Porter and his grandiose home would later receive a heaping helping of consternation from one of his chief critics — Ambrose Bierce. He wrote a long, scathing poem about Porter Ashe in his piece in Black Beetles in Amber called “The Van Nessiad.” When Porter sought to build stables on his estate without the permission of the city and against the wishes of his neighbors, Bierce held that the property didn’t need stables for horses as it already housed an ass.
When the marriage ended in 1887 the exquisite, the extravagant mansion was rented and then sold to the W.S. Hobart family. Alice and sister Ella would both have their debut there and, like the Ashes, threw many raucous parties.
Van Ness was originally a quiet residential street, a grand boulevard of wealth and beauty lined with eucalyptus trees. By the 1890s there were many a fine mansion and well known residents including not only the Ashes but the Spreckles, the Neustadters, the Stetsons and the Giannini family.
The avenue was at it’s zenith when the famous shake and bake of 1906 struck. As the earth rumbled and streets shifted so did the gas lines throughout the city. Thousands of homes had gas lines filling their walls and ceilings, branching off the main street lines. With the shaking came breaking of these lines. Van Ness was used as a firebreak by the U.S. Army during the earthquake and fire. Many of the buildings were dynamited along the street by soldiers in an ultimately successful attempt to prevent the firestorm from spreading west to the entire city.
Following the quake, Van Ness served as the temporary commercial center and main thoroughfare of San Francisco, as it ultimately evolved into a busy commercial district in its own right.
City of Paris
The Ashe/Hobart mansion survived the earthquake. Unoccupied at the time, it was within weeks leased to the owners of the upscale City of Paris Department Store who used it for several years as the chain’s headquarters and signature store before returning to its Union Square location. When it moved back downtown, the Ashe-Hobart house again was left to itself, to become the basis of tales of ghosts and mysteries and romance, which grew as years passed. No one would lived there, in spite of its fashionable location. Van Ness gradually was filled with auto showrooms — from four in 1908 to fifty in 1921.

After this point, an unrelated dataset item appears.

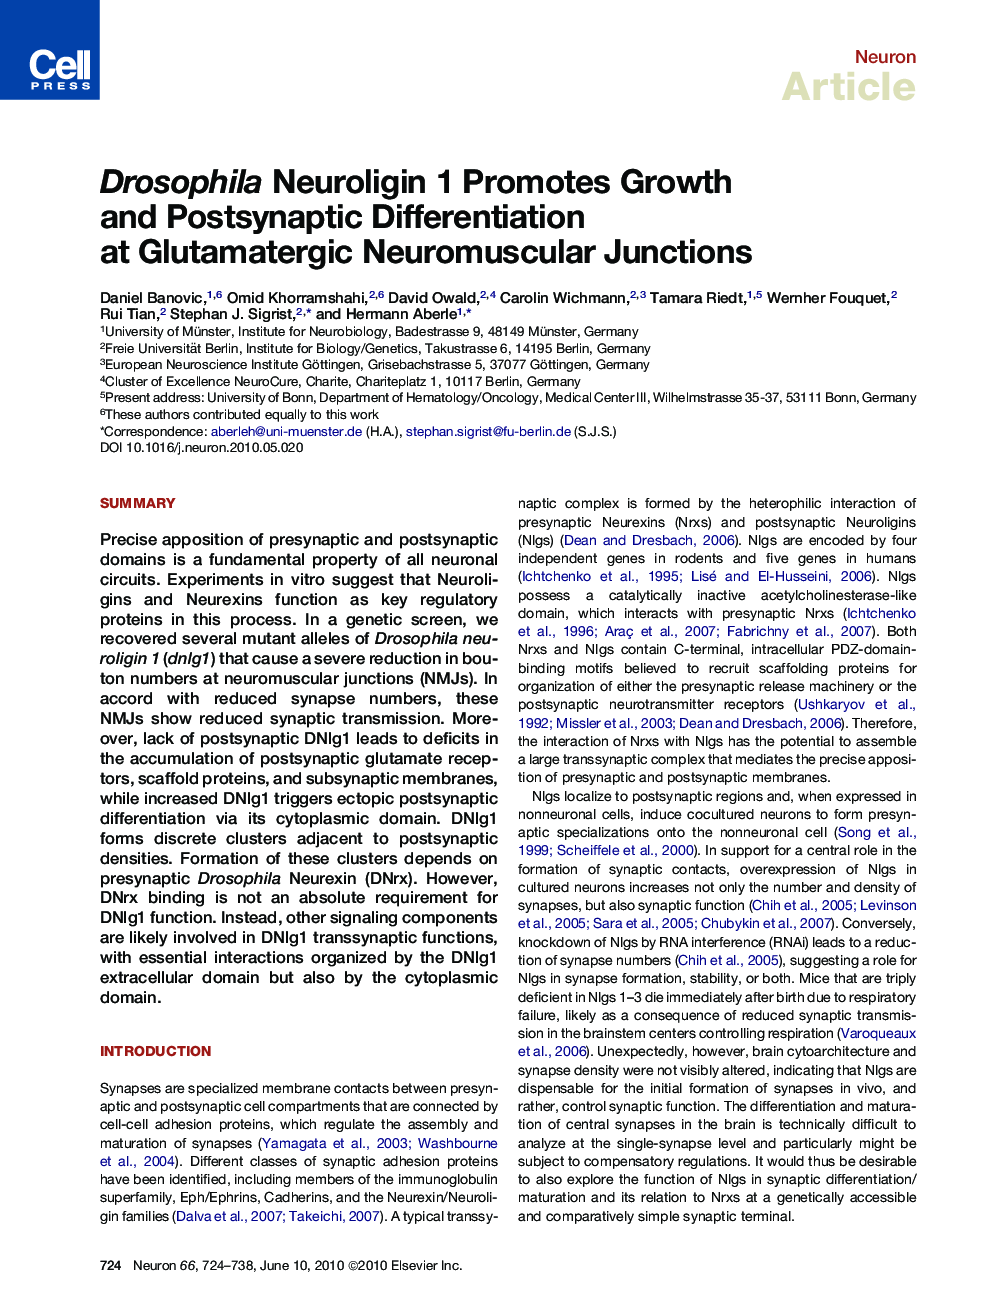 Drosophila Neuroligin 1 Promotes Growth and Postsynaptic Differentiation at Glutamatergic Neuromuscular Junctions

On February 10, 1913, in spite of a salt water sprinkler system that was installed, the house “passed out in a blaze of some magnitude.” It was surmised that tramps took over the deserted structure and carelessly left a lit cigarette.
The City of Paris fell victim to the nationwide trend of local department store closures and announced their departure in 1971. Despite several attempts to save the historic building, including a case heard before the California Supreme Court, the building was demolished in 1981 to create room for the current Neiman Marcus department store. As a result of the preservation fight, Neiman Marcus agreed to save the old department store’s glass dome and incorporate the City of Paris’ signature rotunda into their building.